The next morning it felt as warm as a Chinook wind as she looked out at the distant Crazy Mountains, named for the woman who had gone fatally crazy there. Catherine remembered the Chinooks of her childhood fondly. Once it was only ten degrees in the early morning and by noon it was sixty. Kids at school loved them and ran around in shirtsleeves.
Lola looked after Tim, playing with him on the living room rug where he shrieked with laughter, while Catherine carried her mother’s ashes out behind the barn across the lingering snow. She sat on her egg rock holding the box of ashes inside of which was a lovely urn, no doubt Jerry’s idea. There was a thin lid of ice on the pond which was quickly melting. She cast the first handful of ashes out on the ice feeling with her fingers and seeing small bits of bone which was eerie. She was able to take off her coat in the warm wind. She continued to toss handfuls of ashes saying, “Goodbye, Mother.” How could her mother become ashes? She reminded herself of the ways of the earth.
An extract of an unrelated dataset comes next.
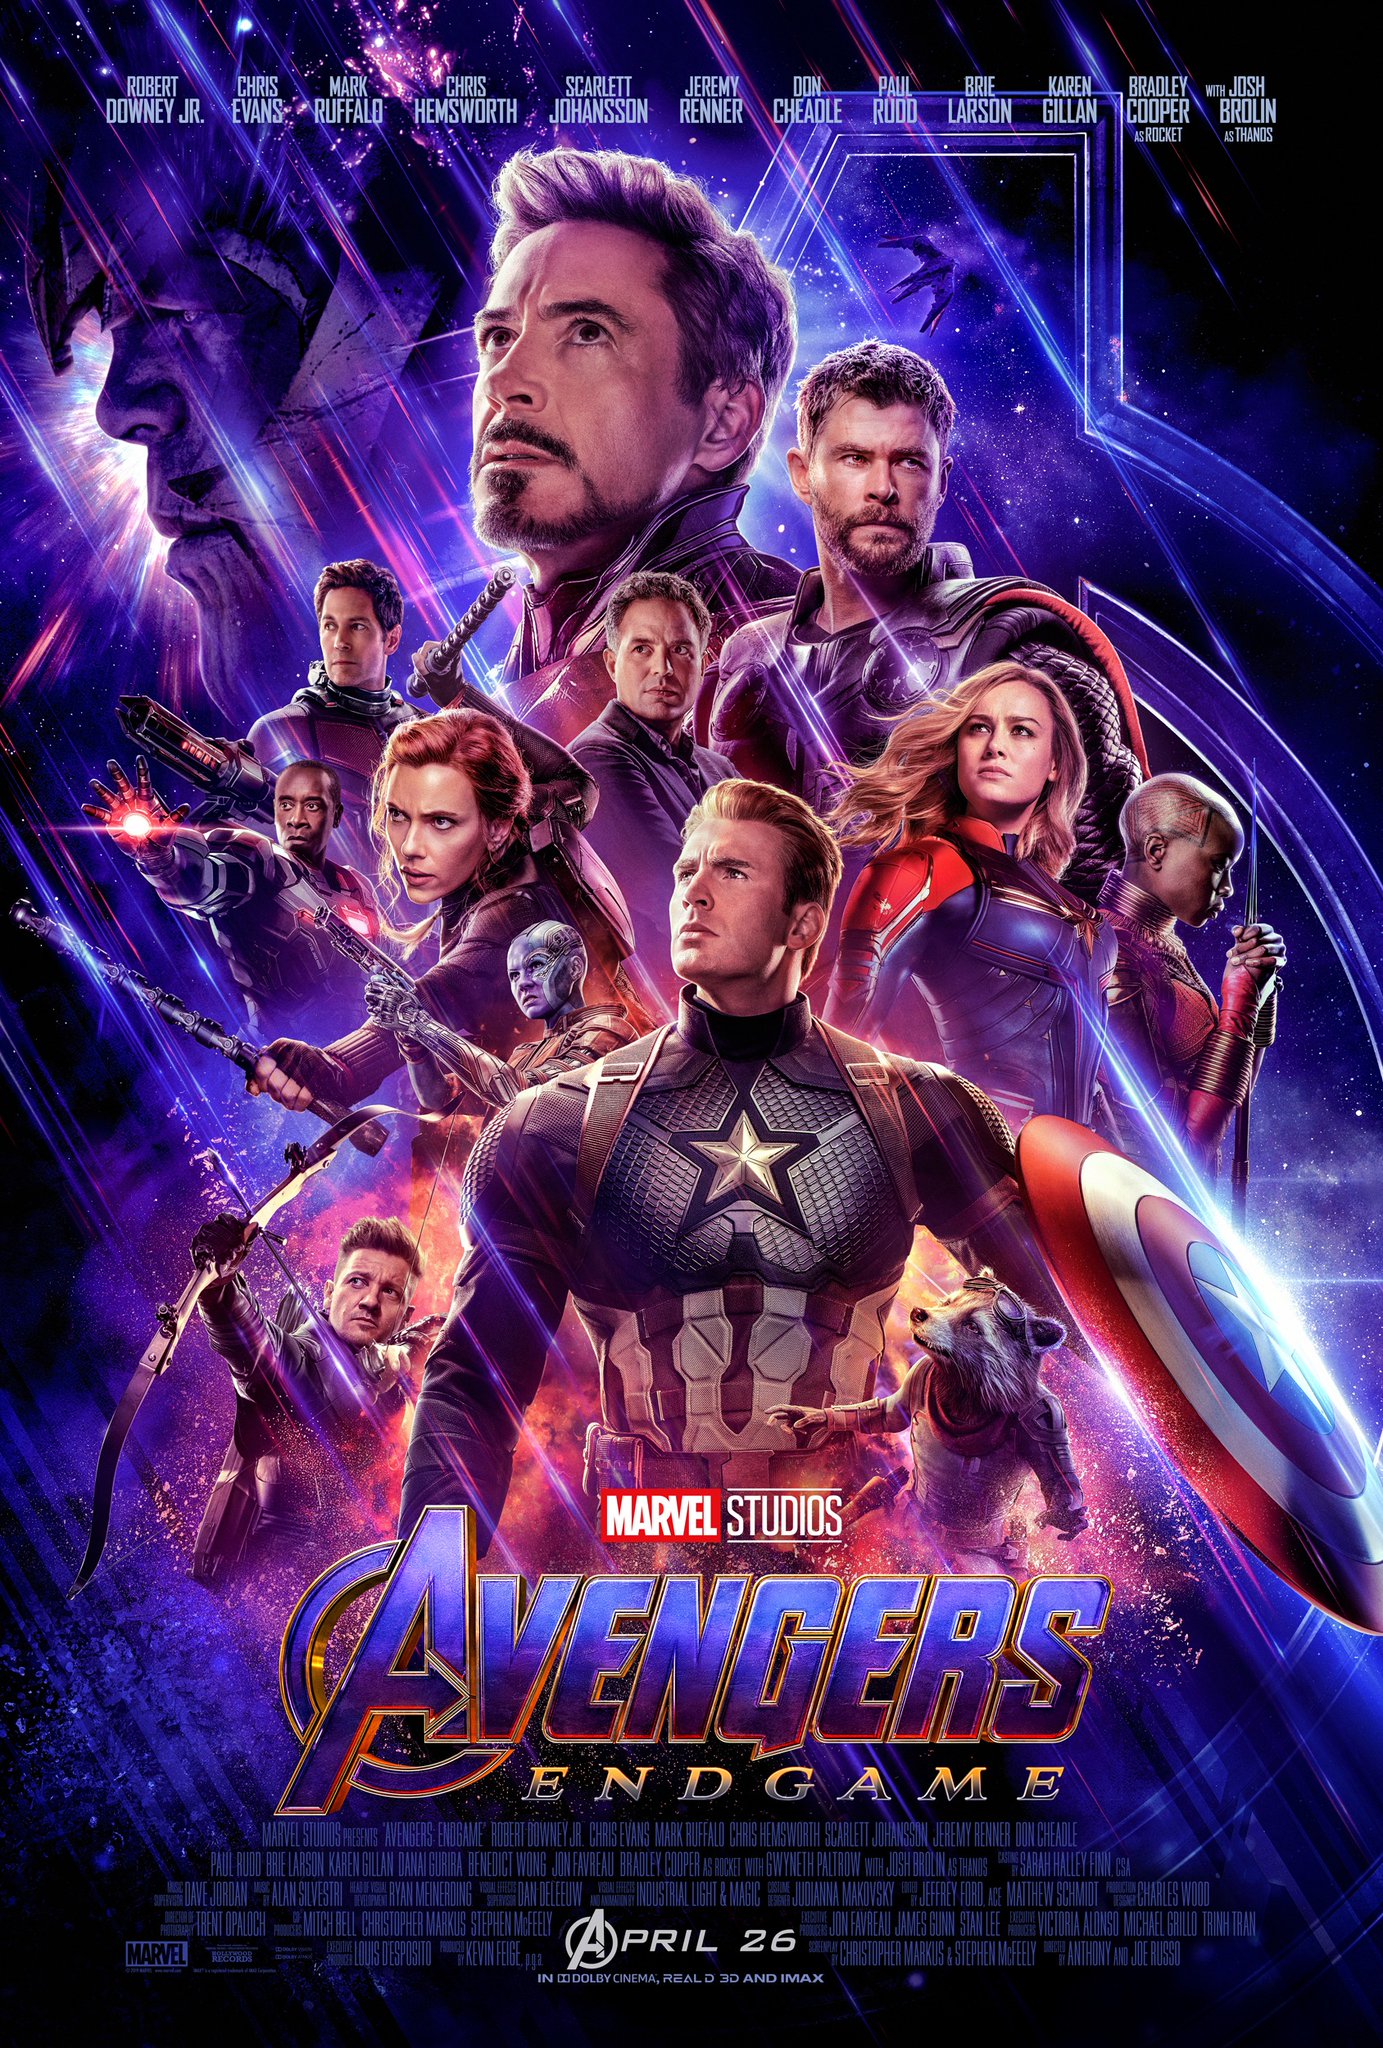 Marvel Studios Releases New Trailer, Poster For "Avengers

When she finished and the ashes were sinking into the water she thought about how much her mother loved this place and all of their early little picnics. Now the two horses and a calf and a cow were watching her over the fence with curiosity. She would try to keep Tim off of horses for as long as possible. The area was full of the maimed and injured from horseback accidents. Other places boys wanted to be football and basketball stars but here they wanted to be heroes of rodeo, much more dangerous even than football.